Yurttaşlar ve Temiz Hava Hakkı Platformu, Mudanya sahili boyunca sekiz kilometrelik bir rotada bisiklet sürdü.
Platform Temsilcisi ve Halk Sağlığı Uzmanı Doç. Dr. Melike Yavuz bisiklet turunun ardından yaptığı açıklamada Temiz Hava Hakkı Platformu olarak 10 yıldır Türkiye’de yaşayan herkesin temiz hava hakkını savunmak için çalıştıklarını dile getirdi.
“HAVA KİRLİLİĞİNİN SAĞLIK ETKİLERİ ANNE KARNINDAN BAŞLIYOR”
Yavuz, hava kalitesi ve insan sağlığına dair kanıt ürettiklerine vurgu yaparak şöyle konuştu:
“Türkiye’de hala hemen hemen tüm illerimiz Dünya Sağlık Örgütü’nün (DSÖ) önerdiği sınır değerlerin üstünde kirli hava soluyor. Sağlıksız hava sağlığımızı derinden etkiliyor. Hava kirliliğinin sağlık etkileri anne karnından başlıyor. Sanılanın aksine sadece akciğerlerimizin değil, beynimizin, kalp damar sistemimizin de hastalanmasına yol açıyor.

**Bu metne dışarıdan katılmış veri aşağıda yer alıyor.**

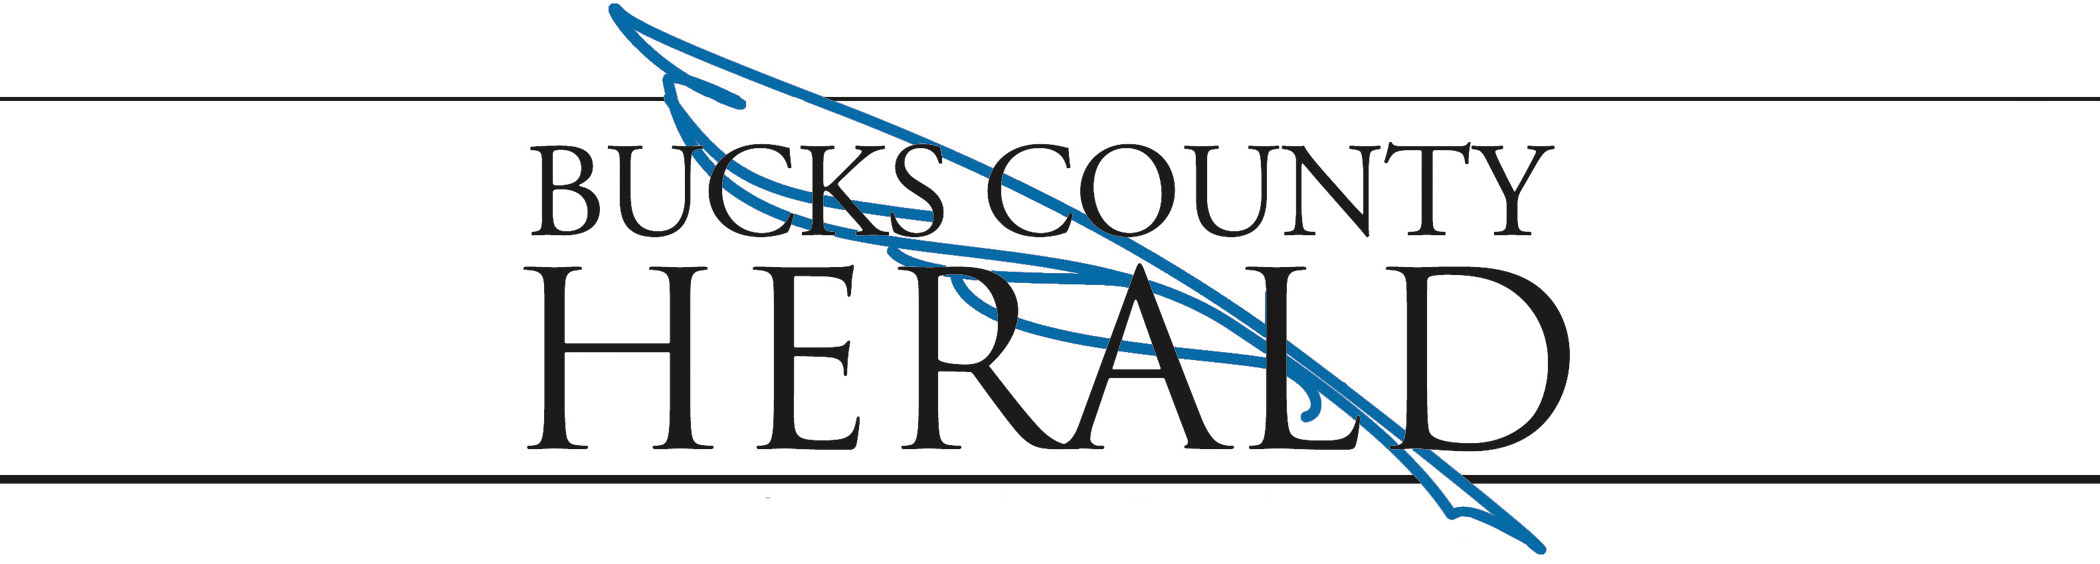 Bucks County Herald

Bu sorunları önlemek doğru politikalarla mümkün. Karar vericilerden hava kalitesi standartlarını DSÖ’nün kılavuz değerleri ile uyumlu hale getirmesini, en zararlı kirletici olan ince partikül madde (PM2.5) için yasal bir sınır değer belirlenmesini talep ediyoruz. Bu politikaların hayata geçmesi için THHP olarak 10 yıldır olduğu gibi çalışmaya devam edeceğiz.”
TEMİZ HAVA HAKKI PLATFORMU NE YAPIYOR?
Temiz Hava Hakkı Platformu‘nun ana faaliyetlerinden biri 206 yılından itibaren yayınlanan “Kara Rapor.” Raporda Türkiye’nin yıllık hava kalitesi karnesi çıkarılıyor, ulusal hava yönetimi politikaları değerlendiriliyor, Türkiye’de hava kirliliğinin yıllık sağlık bedeli ortaya koyuluyor.
Ayrıca, kömür yakıtlı termik santrallerin halk sağlığına etkilerini bilimsel çalışmalarla ortaya koyuluyor. Diğer yandan fosil yakıtların terk edilmesi durumunda, fosil yakıtlara bağlı işlerde çalıştıkları için bu değişimden yaşamları etkilenebilecek işçiler, aileleri ve yöre insanı için ekolojik, sosyal ve ekonomik olarak adil bir geçiş sürecinin planlanması alanında çalışmalar yapılıyor.
Platformun bir diğer çalışma alanı da deprem gibi afetlerin ardından ortaya çıkan hava kalitesinin izlenmesi ile ilgili.
Platform ayrıca, Temiz hava hakkımızı ihlal eden enerji ve maden projelerine ve yasal düzenlemelere karşı hukuk mücadele yürütüyor. Bu davalardan biri de Muğla’daki Yeniköy ve Kemerköy termik santrallerinin, hukuka aykırı çevre izin ve lisanları ile ilgili.